# [GIVEN DATA]
________
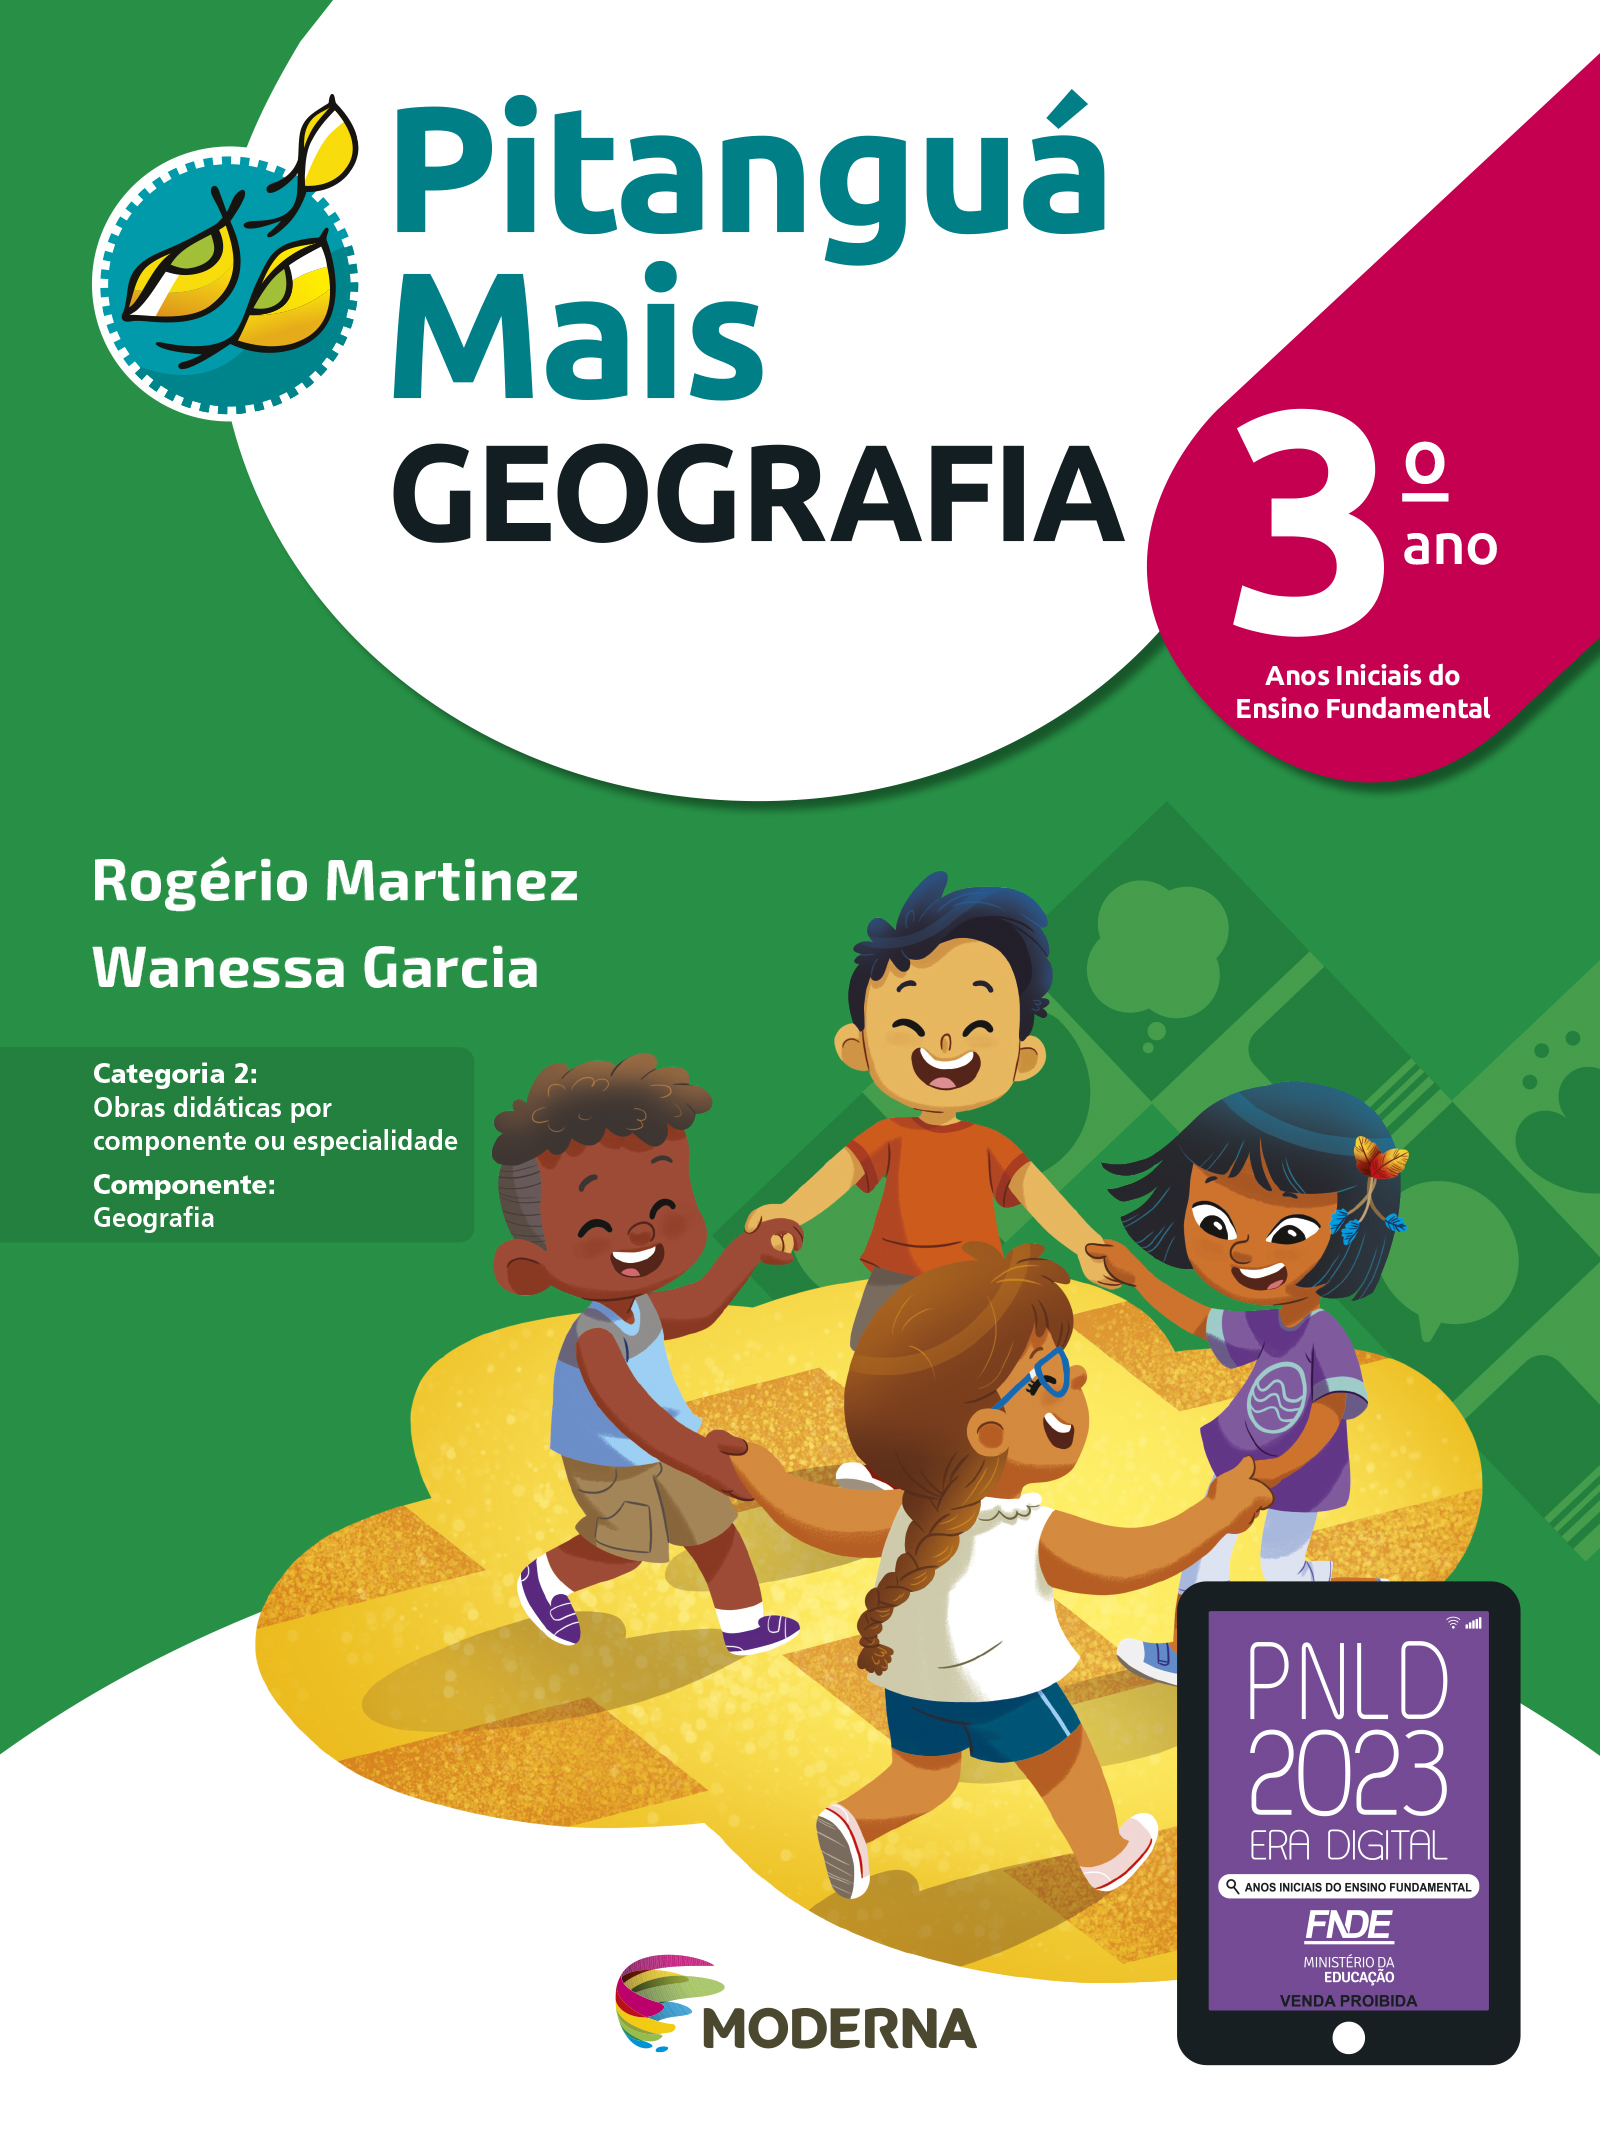 IMAGEM: capa do livro pitanguá geografia terceiro ano, que mostra dois meninos e duas meninas brincando de roda. FIM DA IMAGEM.
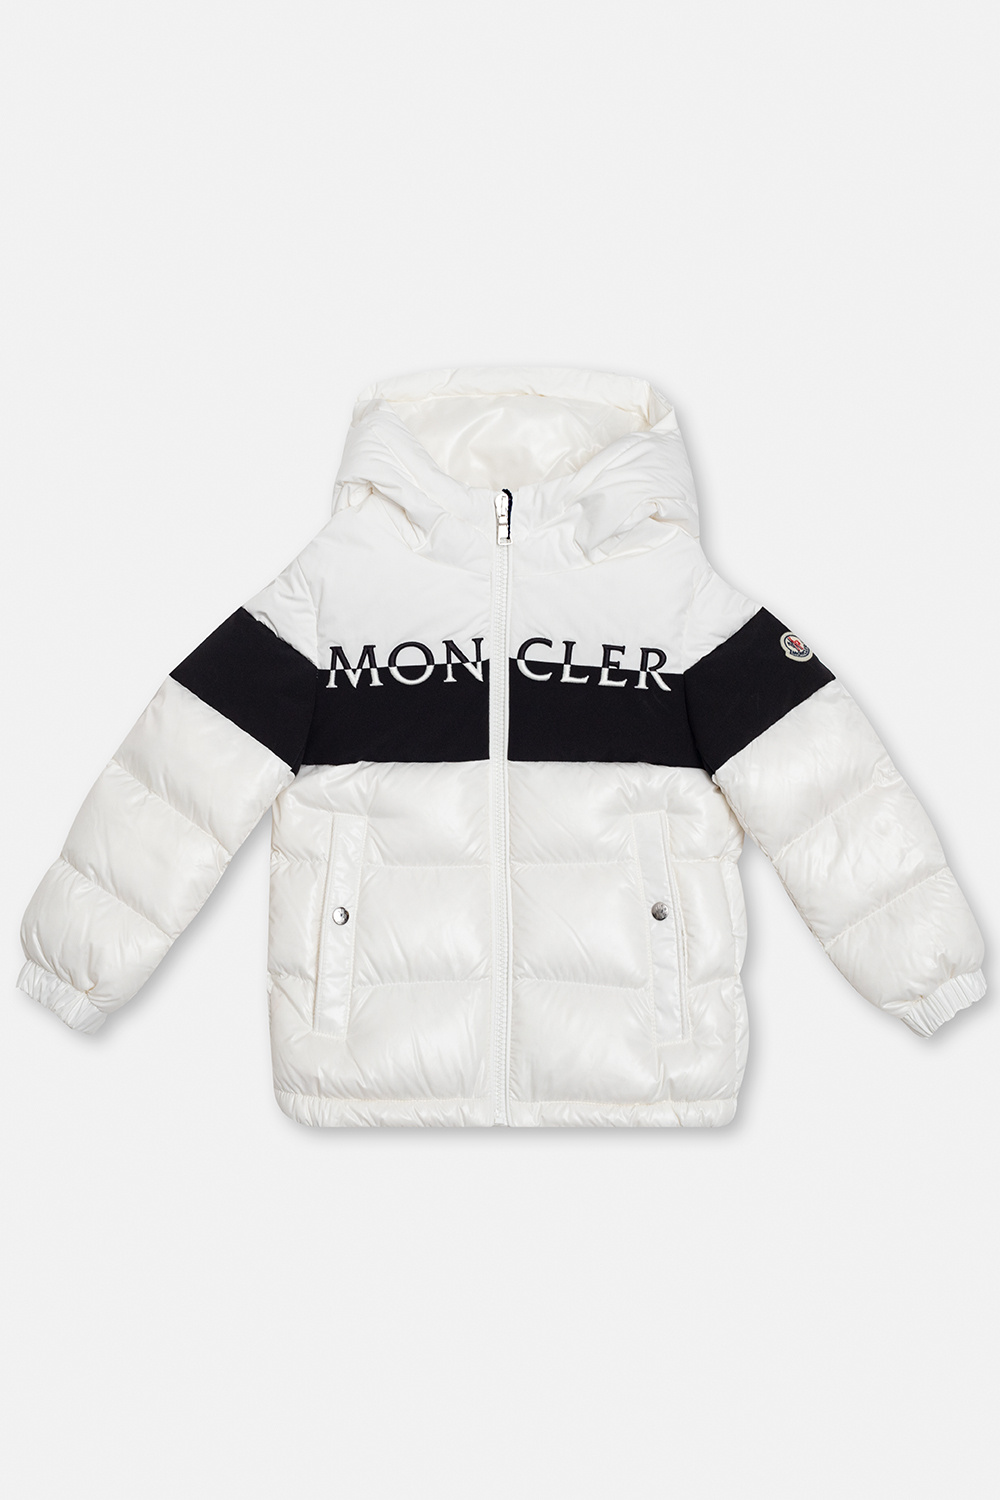 Moncler Enfant ‘Laotari’ down Jackets jacket
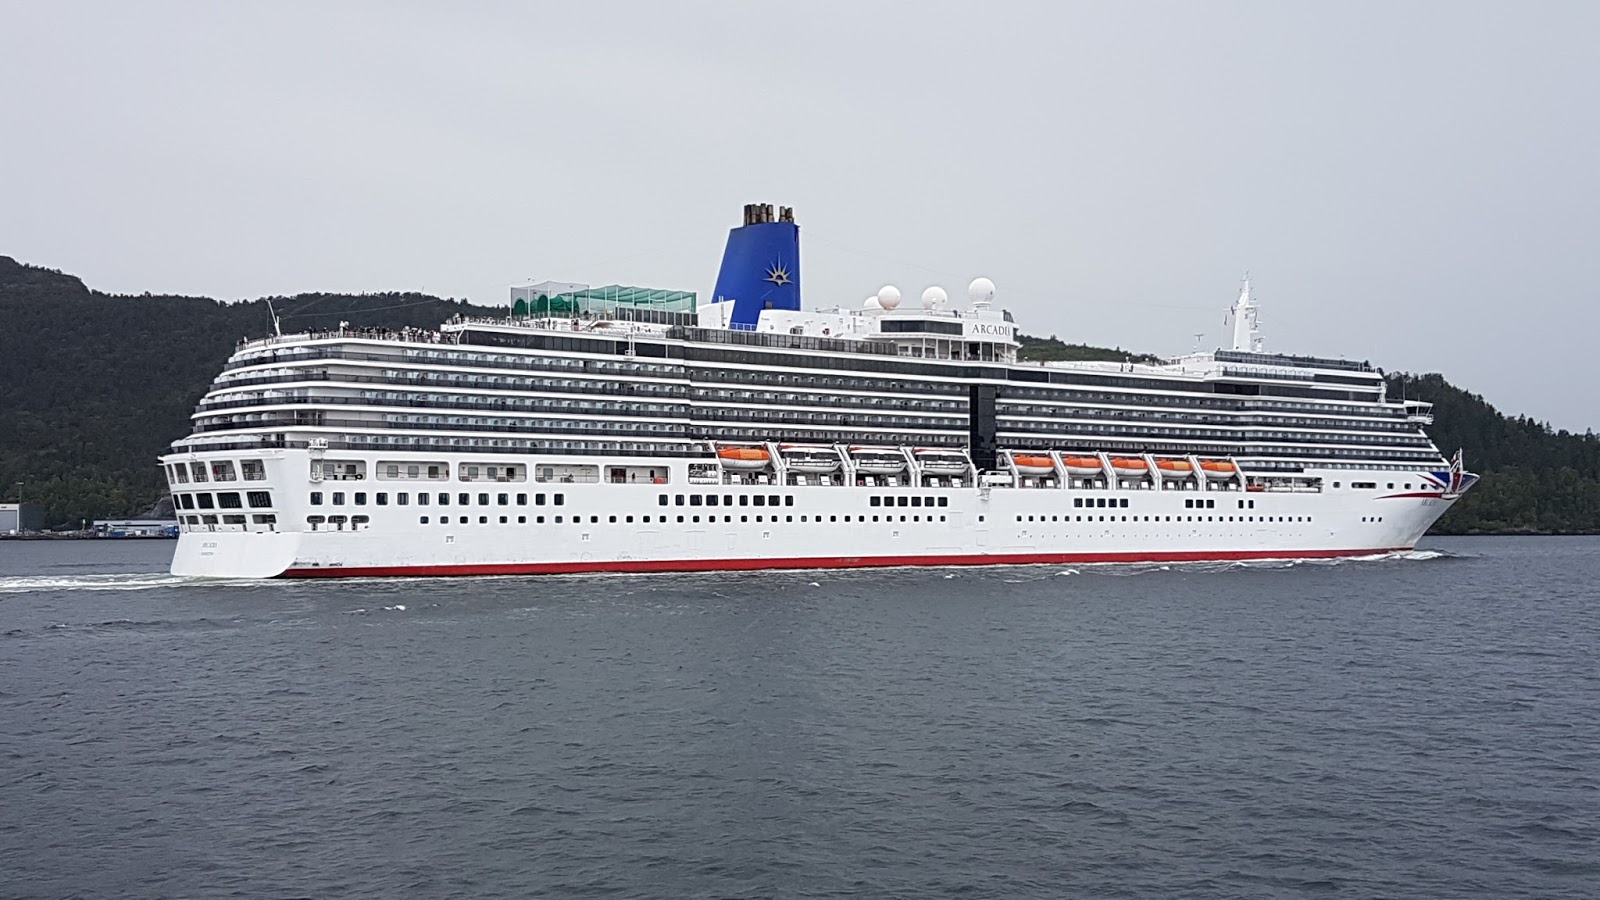 p and o arcadia cruise ship
________
Copy out the lines exactly as written, beginning with the one that contains "Moncler Enfant ‘Laotari’ down Jackets jacket" and ending with the last line of the material; do not include pictures.

 Moncler Enfant ‘Laotari’ down Jackets jacket
 p and o arcadia cruise ship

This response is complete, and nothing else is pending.